Recorded data below:

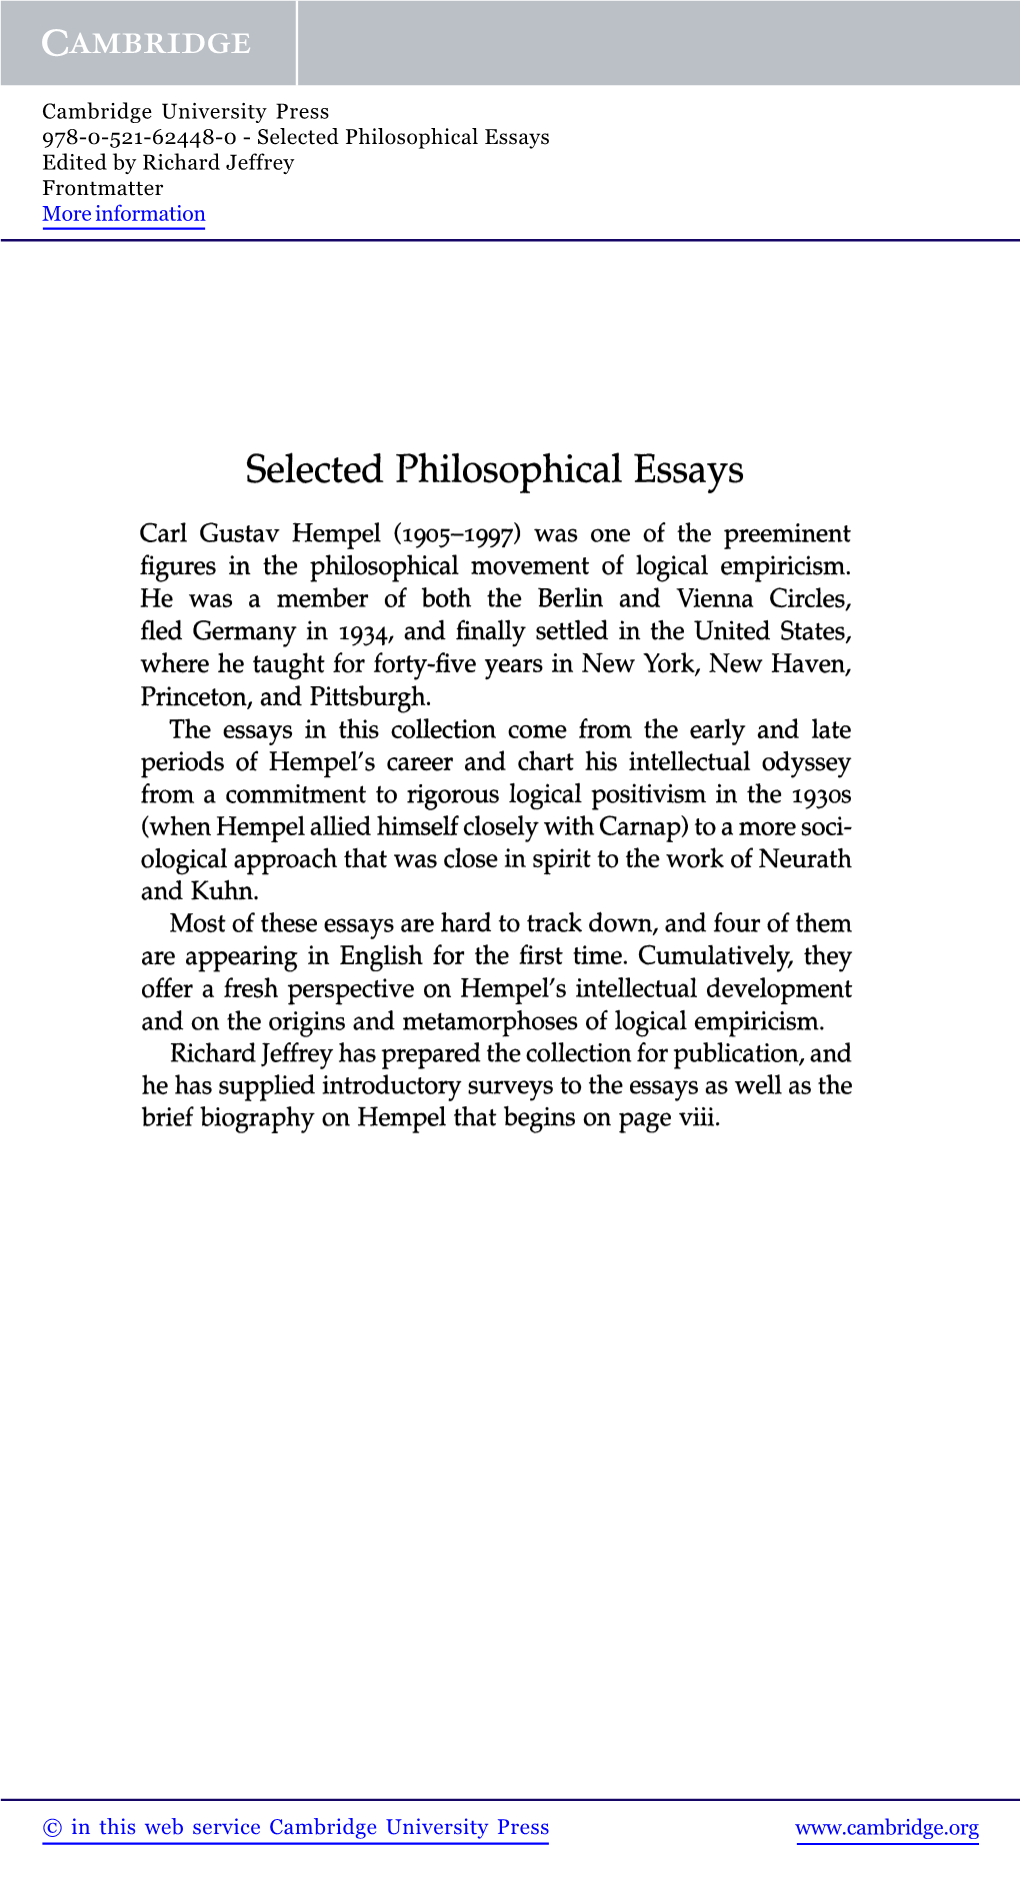 Selected Philosophical Essays Edited by Richard Jeffrey Frontmatter More Information
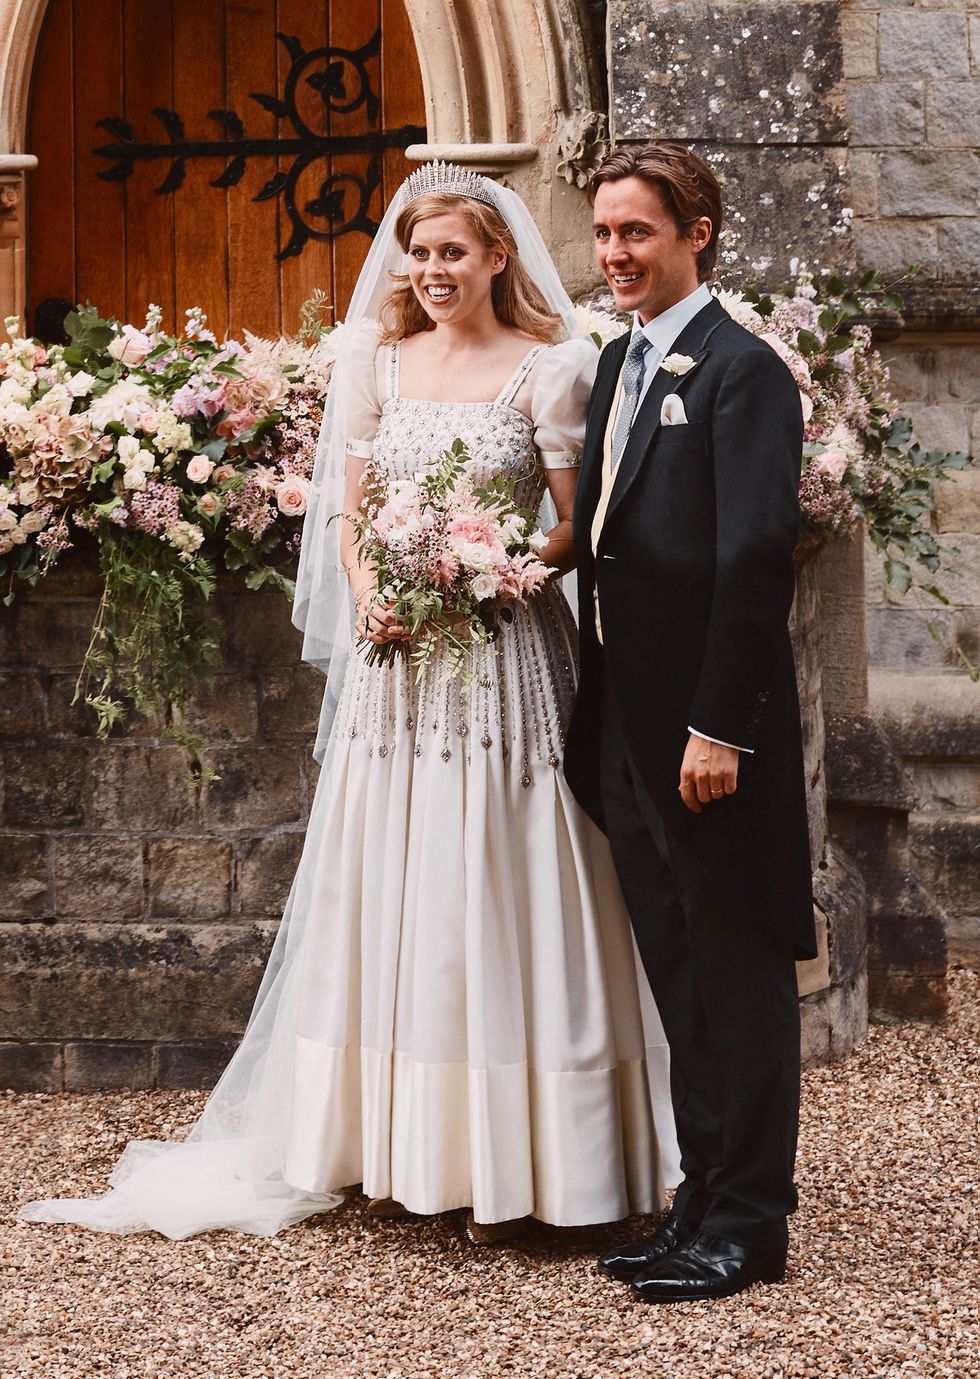 Princess Beatrice's Wedding Dress Photos - Pictures of Beatrice's Vintage  Gown
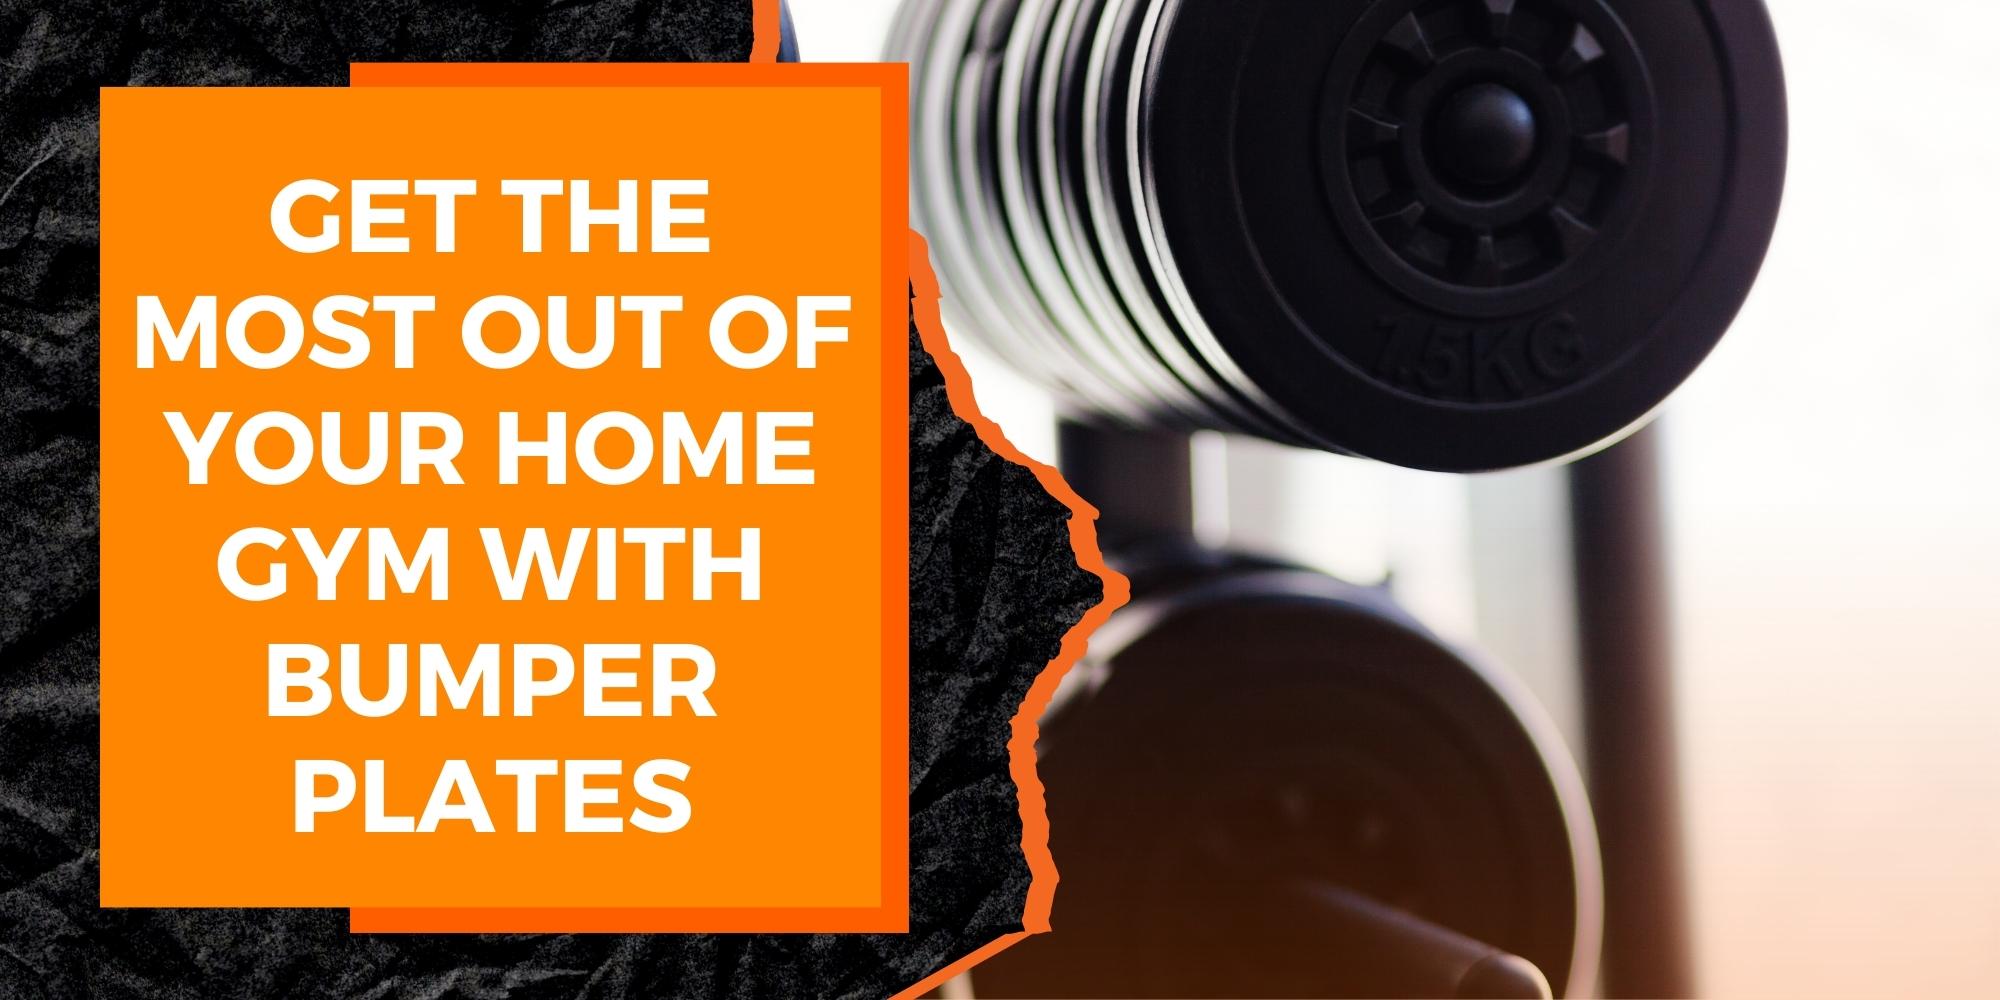 Get the Most Out of Your Home Gym with Bumper Plates

End of Recorded data.

Repeat the data word for word; drop the pictures.

 Selected Philosophical Essays Edited by Richard Jeffrey Frontmatter More Information
 Princess Beatrice's Wedding Dress Photos - Pictures of Beatrice's Vintage  Gown
 Get the Most Out of Your Home Gym with Bumper Plates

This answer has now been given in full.